I was expecting that activate would be resolved to the module activate. Indeed, it is resolved to the module activate if we have an empty __init__.py for the journal_commands package.

It is not that odd if you think that after

import danoan.journal_manager.commands.journal_commands as jm

we have the import statements in the __init__.py being called and the functions imported there will collide with the module names, that are the same.
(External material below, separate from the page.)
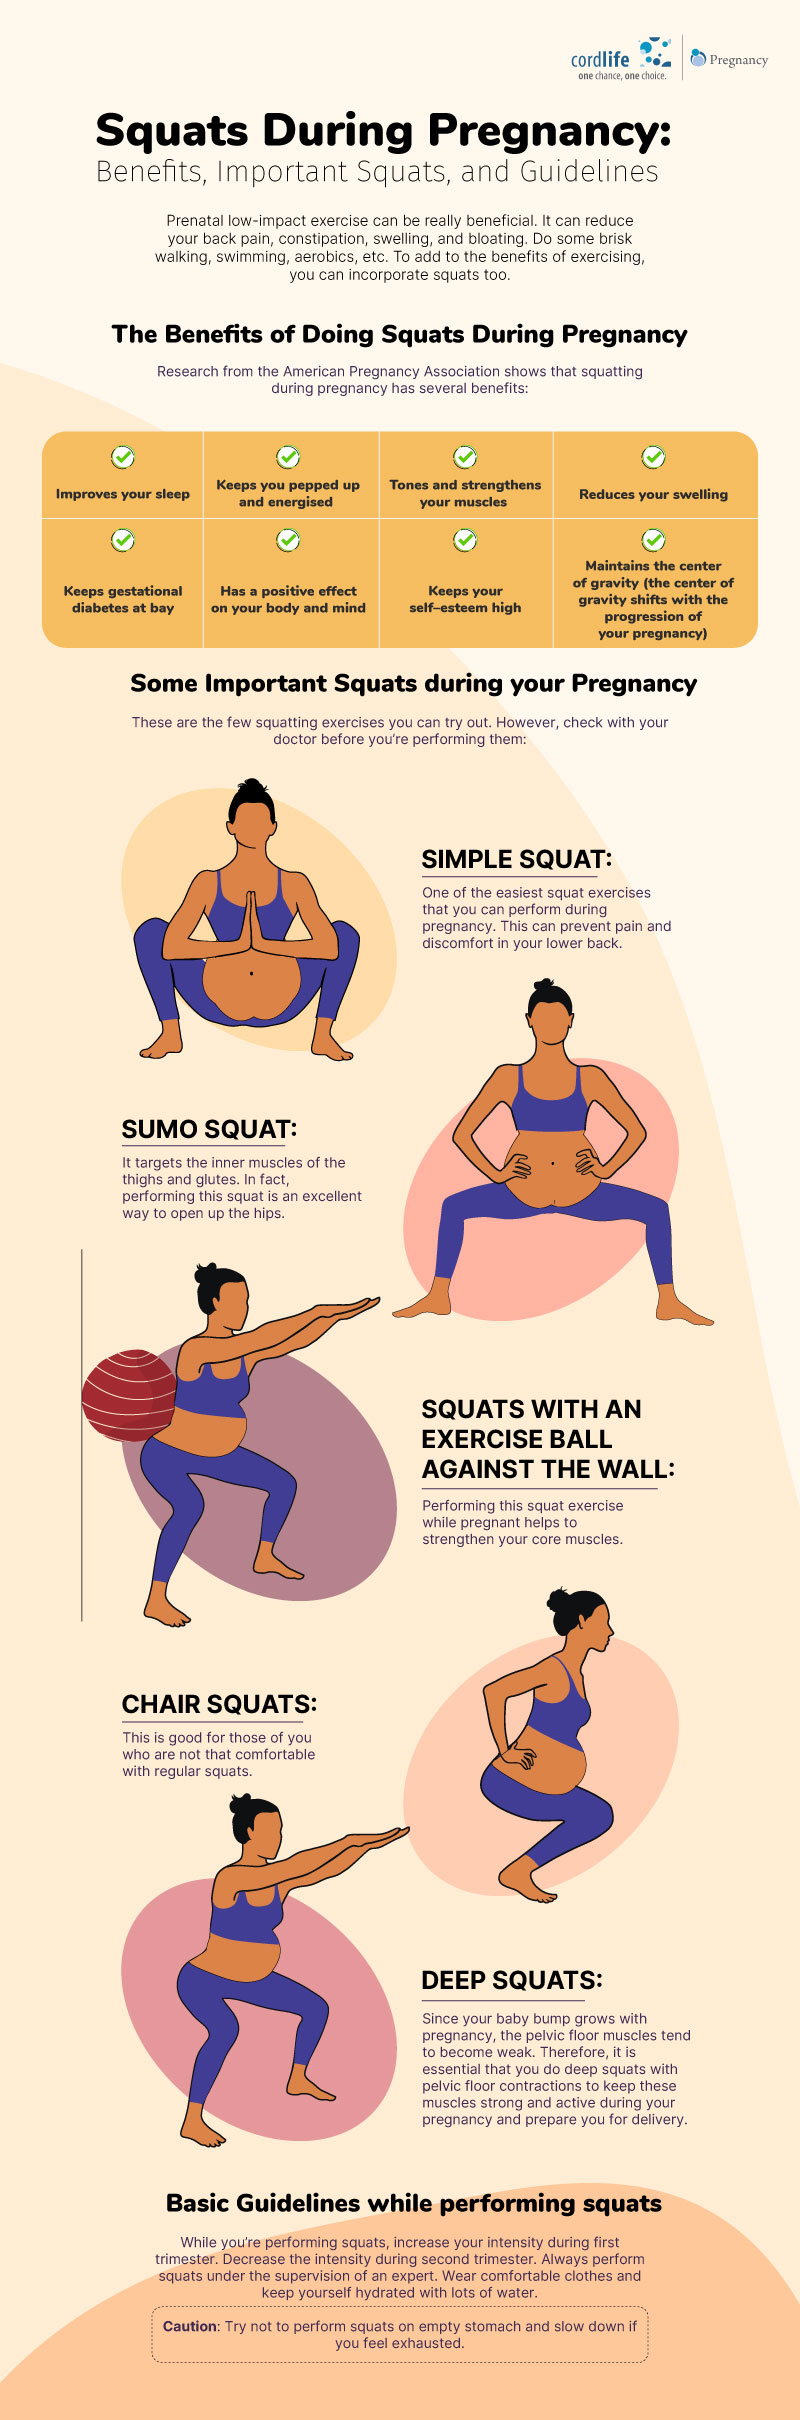 Squats During Pregnancy: Benefits, Important Squats, and

What is happening is that the import is overwriting the entry which points to a module to point to the function instead.

If we write like this:

# __init__.py
from .activate import activate_journal
from .create import create_journal
from .deactivate import deactivate_journal

no collision occurs. jm.activate_journal is a function and activate is a module.

Multiprocessing and Signal Handling

In order to correctly terminate the processes I started during the build subcommand with the --with-http-server flag (namely the node http-server and the entr file monitor), I had to register handlers for the SIGINT and SIGTERM signs. Both in the Python and Bash scripts.
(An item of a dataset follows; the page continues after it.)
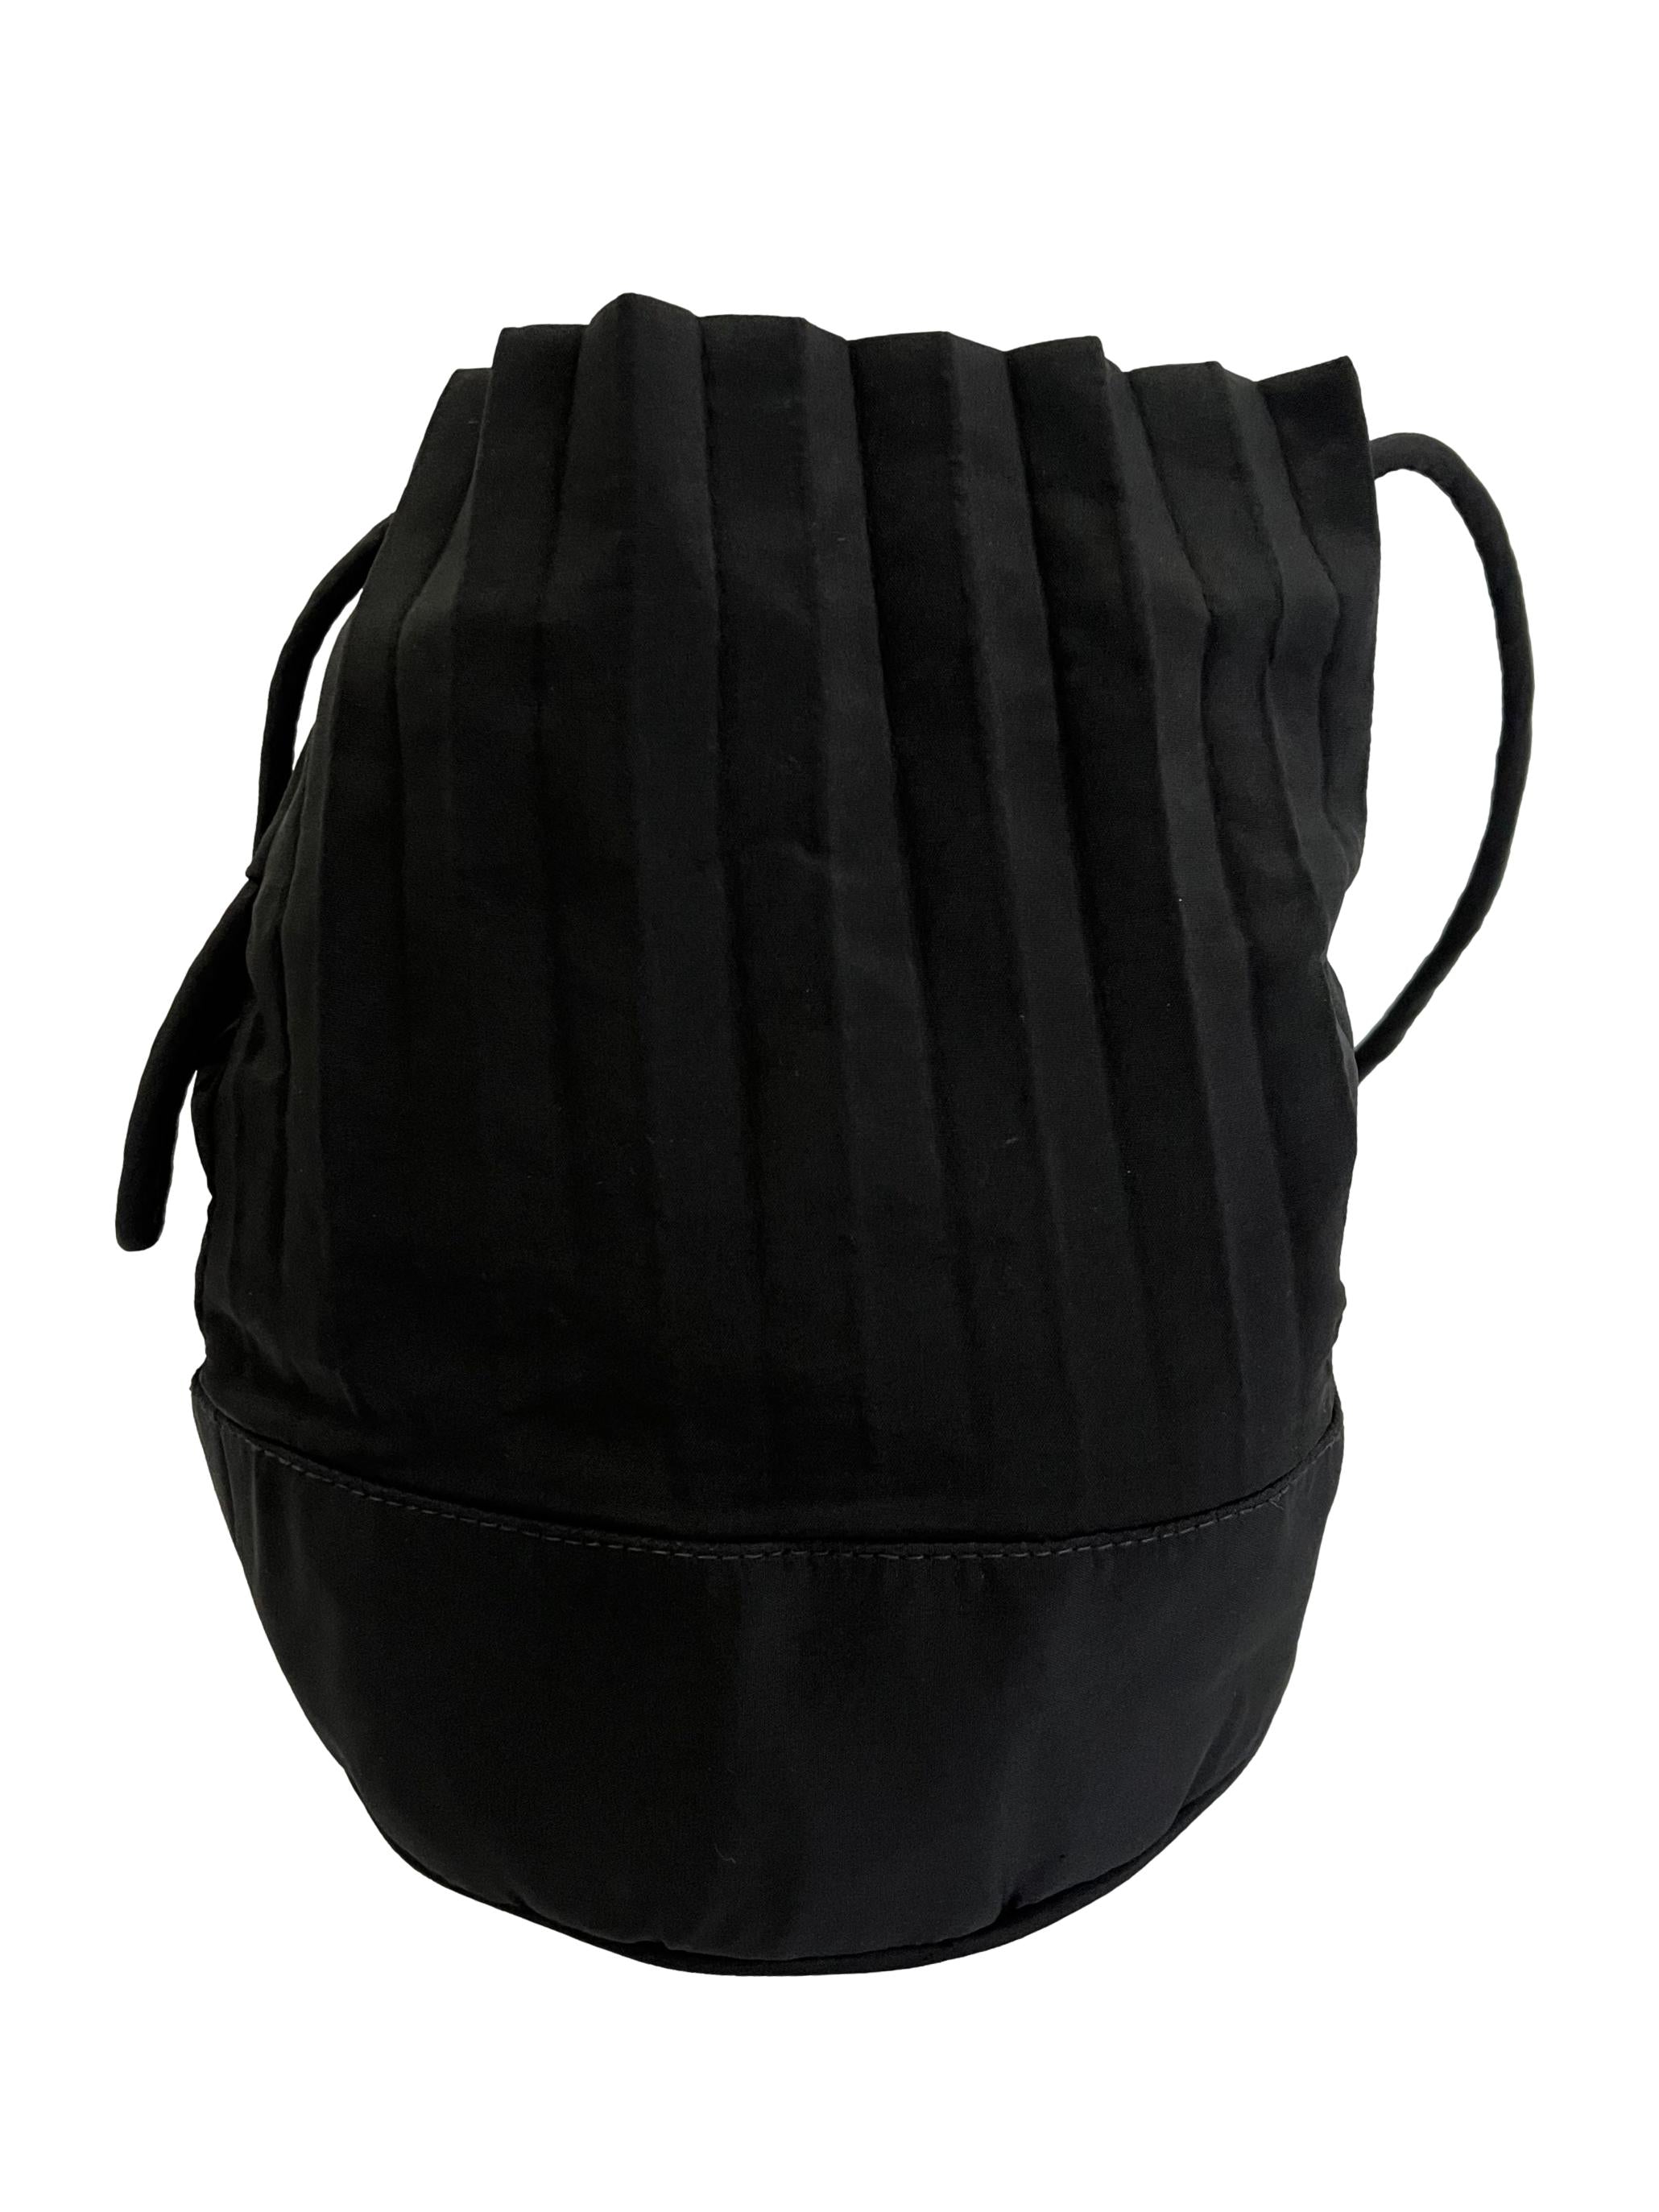 Bucket Bag In Black

t1 = multiprocessing.Process(
    target=node_wrapper.start_server, args=[http_server_folder.joinpath("init.js")]
)
t2 = multiprocessing.Process(target=app_call.start, args=[file_monitor_script])

t1.start()
t2.start()

def terminate_processes(sig, frame):
    print("Terminating http server")
    t1.terminate()
    print("Terminating file-monitor")
    t2.terminate()

signal.signal(signal.SIGINT, terminate_processes)
signal.signal(signal.SIGTERM, terminate_processes)

t1.join()
t2.join()

function handler_signal_int()
{
    echo "Exiting file-monitor"
    exit 0
}

trap handler_signal_int SIGINT

Pypi-server

Setting up the Pypi-server

Set up a service in your docker-compose.yml

iversion: '3.7'

services:
  pypi-server:
    image: pypiserver/pypiserver:latest
    ports:
      - 4962:8080
    volumes:
      - type: bind
        source: /Users/capitu/Services/pypi-server/auth
        target: /data/auth
      - type: volume
        source: pypi-server
        target: /data/packages
    command: -P /data/auth/.htpasswd -a update,download,list /data/packages
    restart: always

volumes:
  pypi-server:

After starting the server, you should be able to access the index in the address capitu_home:4962/packages

Setting up authentication

Create the authentication files with htpasswd

cd /Users/capitu/Services/pypi-server/auth
htpasswd -sc .htpasswd <SOME-USERNAME>

Note

htpasswd is an utility tool to manage user authentication in web servers. It store usernames and their passwords (digest with the sha-1 method in the case above) in a text file.

Uploading your package

Build the distribution with your front-end tool (for example, build)

pyproject-build .

We are using twine to upload the package to the server:

pipx install twine
twine upload --repository-url http://192.168.1.14:4962 dev/extract-sdist/output/dist/*

More information can be found here.

Sphinx

Sphinx Templates

It is possible to modify the output generated by sphinx-apidoc by using templates

apidoc: sphinx extension that extends sphinx with some directives that are able to render information from python source code.
sphinx-apidoc: tool that uses the apidoc sphinx extension to generate API alike documentation.